Who stands to benefit if coal and nuclear are shut down? Natural gas. Wouldn't it be awful if it turned out that the leaders of this crusade are invested in natural gas, which is now under fire for polluting the water supply? The deliberate sabotage of the nation's power and water supply by deluded zealots led by Judas goats in the environmental movement is definitely the wrong track.

We are told that "we have all the technologies we need" -- so what exactly are these technologies and are they scalable to meet increasing power demand?

Right away we can exclude post-combustion chemical CO2 capture and underground storage (CCS), for well-known reasons that are leading to the cancellation of CCS projects. "Clean coal" is not going to happen that way, and now finally people are realizing that they have been sold an expensive and futile research project whose only beneficiaries (beside the usual grant recipients) are the oil companies, who hope to get cheap CO2 to use in their EOR. CO2 storage at utility scale in deep saline formations (which are packed full of high pressure brine) is "a profoundly non-feasible option for the management of CO2 emissions."

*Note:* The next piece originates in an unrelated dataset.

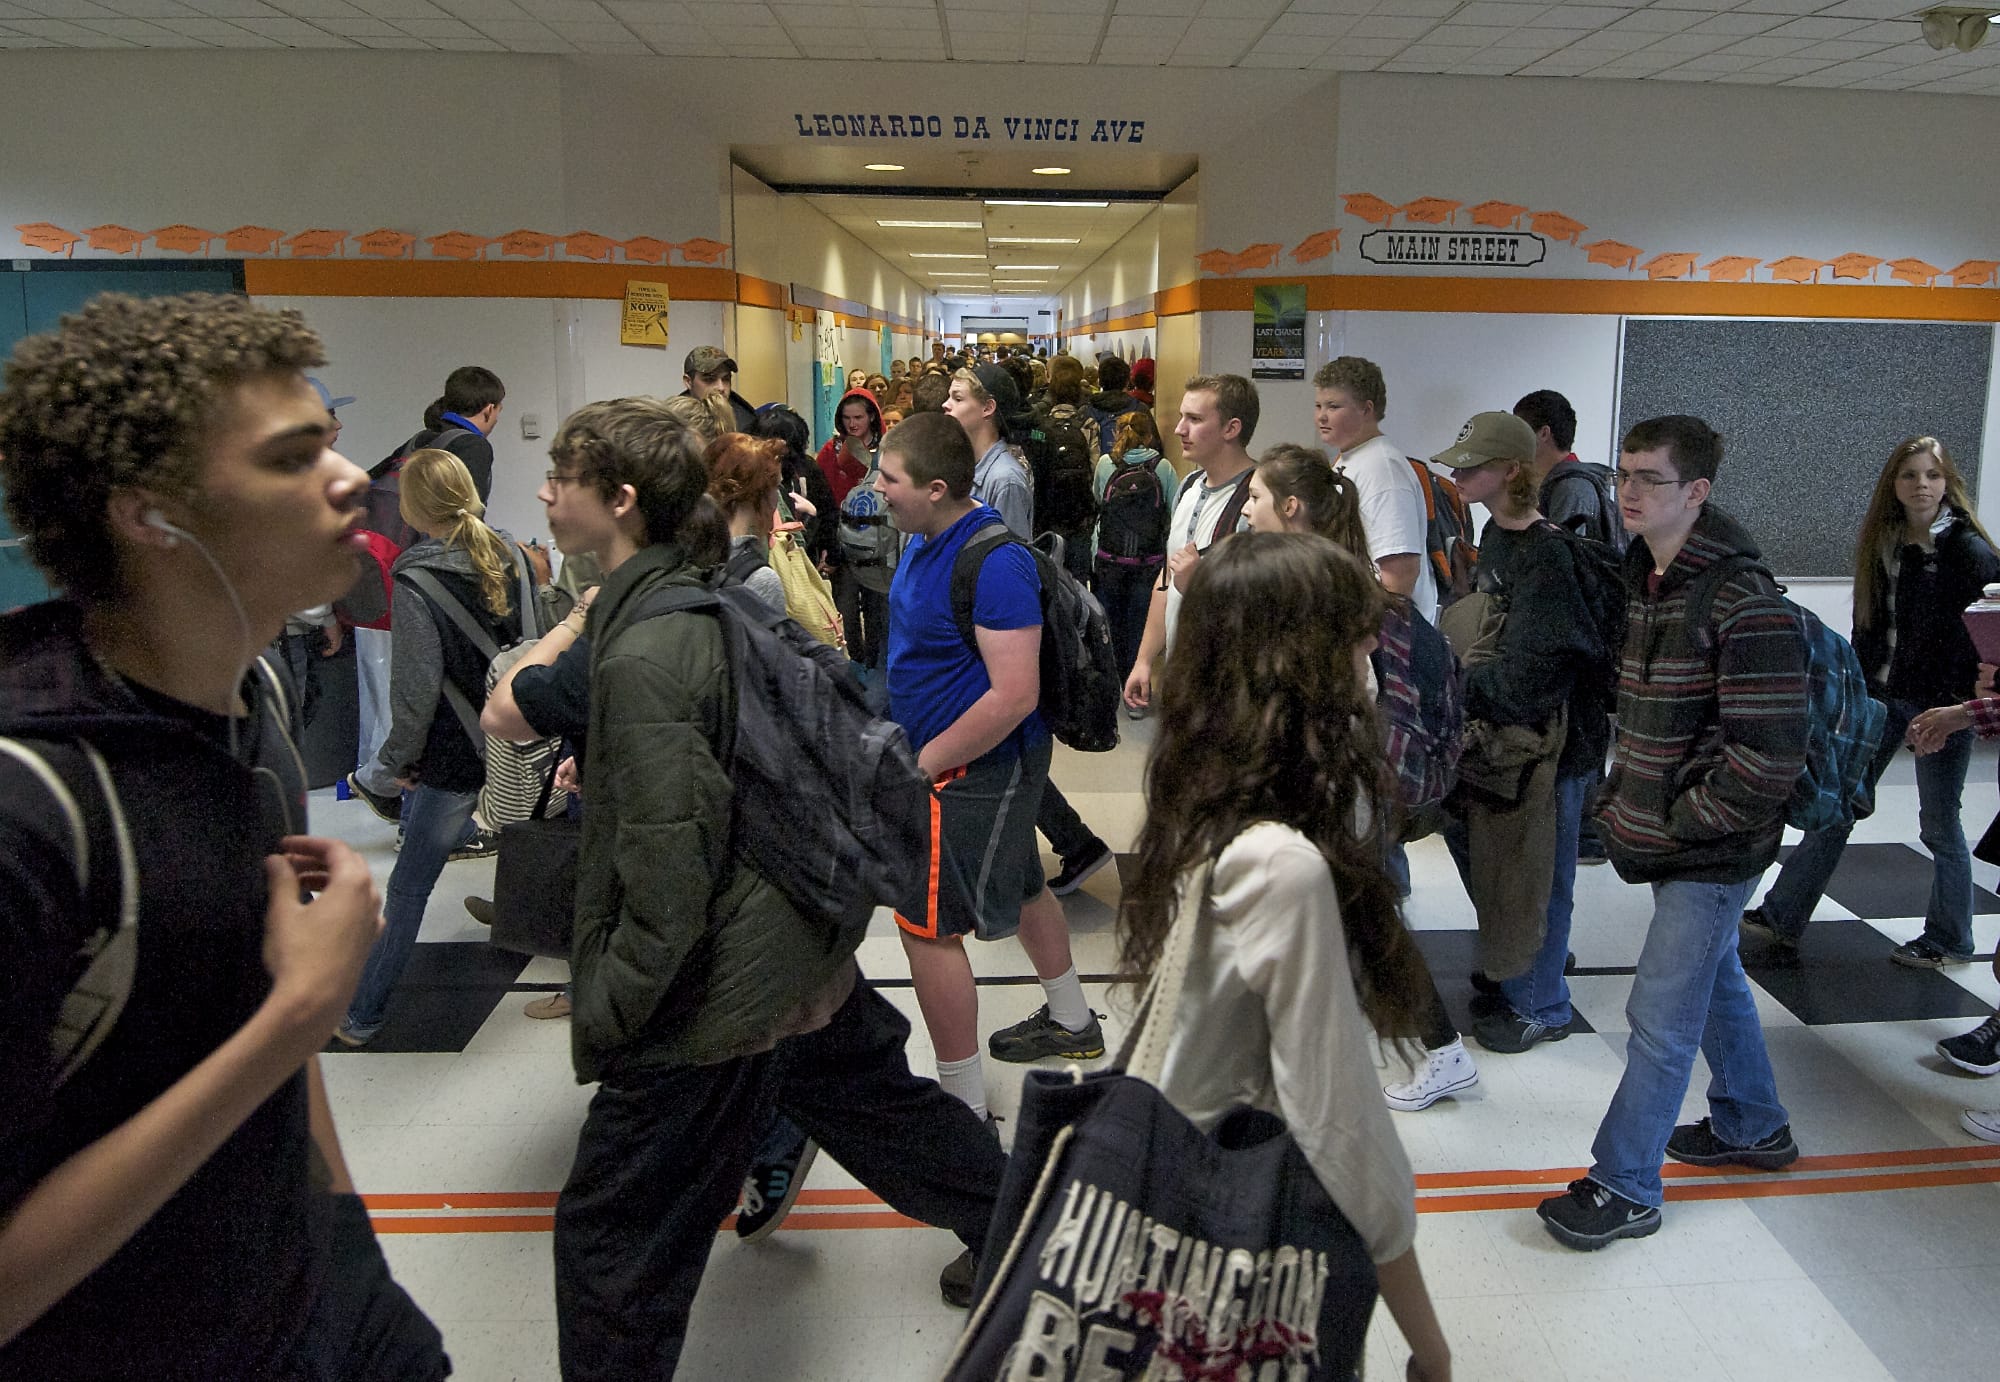 Hundreds of students fill the halls at Battle Ground High School on their way back to class after lunch on May 6.

Nuclear has political problems, unrelated to technology, because of the furious ignorance of its opponents. After Fukushima, nuclear doesn't look like the answer, although I am hopeful that the new small modular designs can eventually succeed. But the argument against nuclear is not on the technical merits, so the nuclear case gets decided by the reptilian part of the brain.

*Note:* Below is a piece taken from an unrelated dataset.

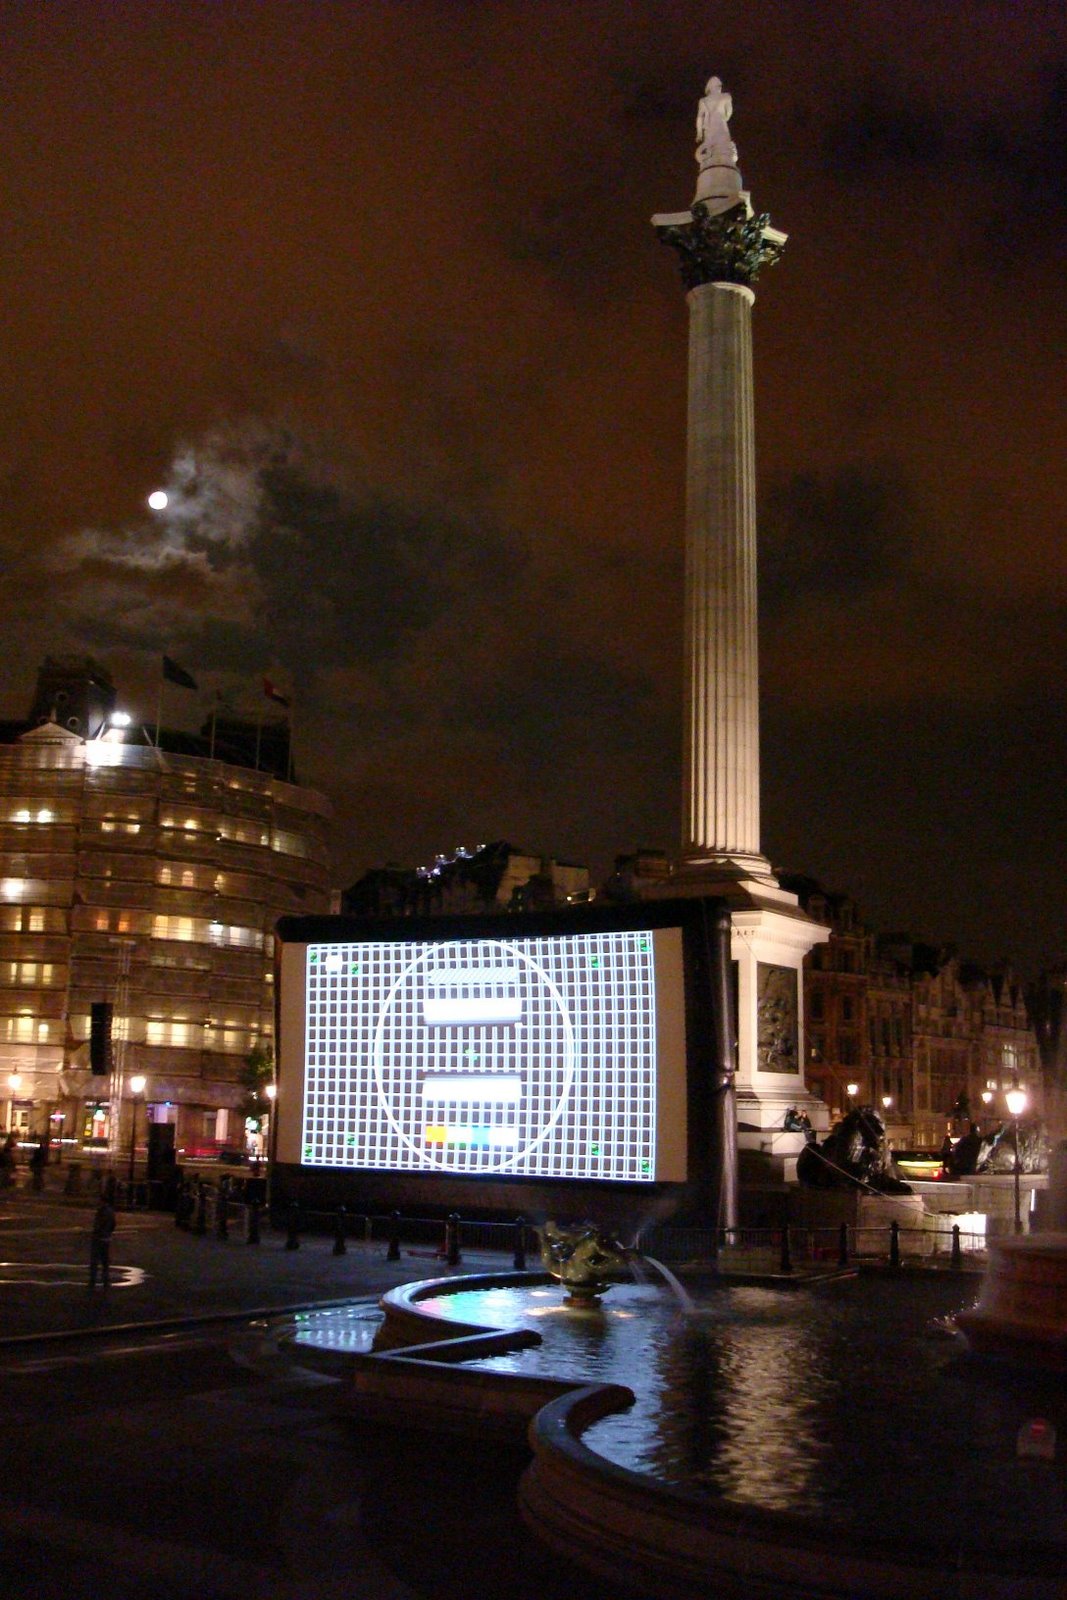 Inflatible screen in front of Nelson's Column

Hydro is maxed out, and geothermal sites are also scarce. Biofuels are a joke -- look at corn ethanol. It's not that biofuels have no use, but they are clearly not going to substitute for coal and nuclear for baseload generation at the scale required. No one seems to have accounted for the water and fertilizer required to grow them, the energy required to harvest, dry, transport, and process them, and the fact that when they are burned they also produce CO2, just like coal.

Wind and solar pretend they can do the job of baseload generation, so we can just close down our coal plants and rely on new wind farms distributed over a wide enough area that the wind is always blowing someplace. At night, which is when wind is available, there is already a lot of cheap power available from the spinning reserve and, seasonally, from hydro, so lots of wind gets curtailed: 25 TWh in 2010. Wind power is expensive and nobody wants it, so the only way to sell wind is to force utilities to buy it and install natural gas backup. Solar is available during the day but it is much smaller than wind. Also, you can't count on wind and solar to be there when you need them. Eventually, wind and solar might come to wider deployment such that their intermittency is no longer an obstacle, but for now it is hard to see how that will happen. I think wind needs to look for a different job, such as grinding things for pyrolysis upgrading, or cracking CO2 emissions, instead of trying to sell power into the grid, and seek deployment in harmony with -- not in opposition to -- conventional generation. "Renewable baseload" is like dry water.

In view of their disappointed expectations, small wonder that the American public disagrees with their leadership. All of the happy talk about green jobs and renewable energy replacing coal and nuclear looks ignorant at best, and manipulative at worst.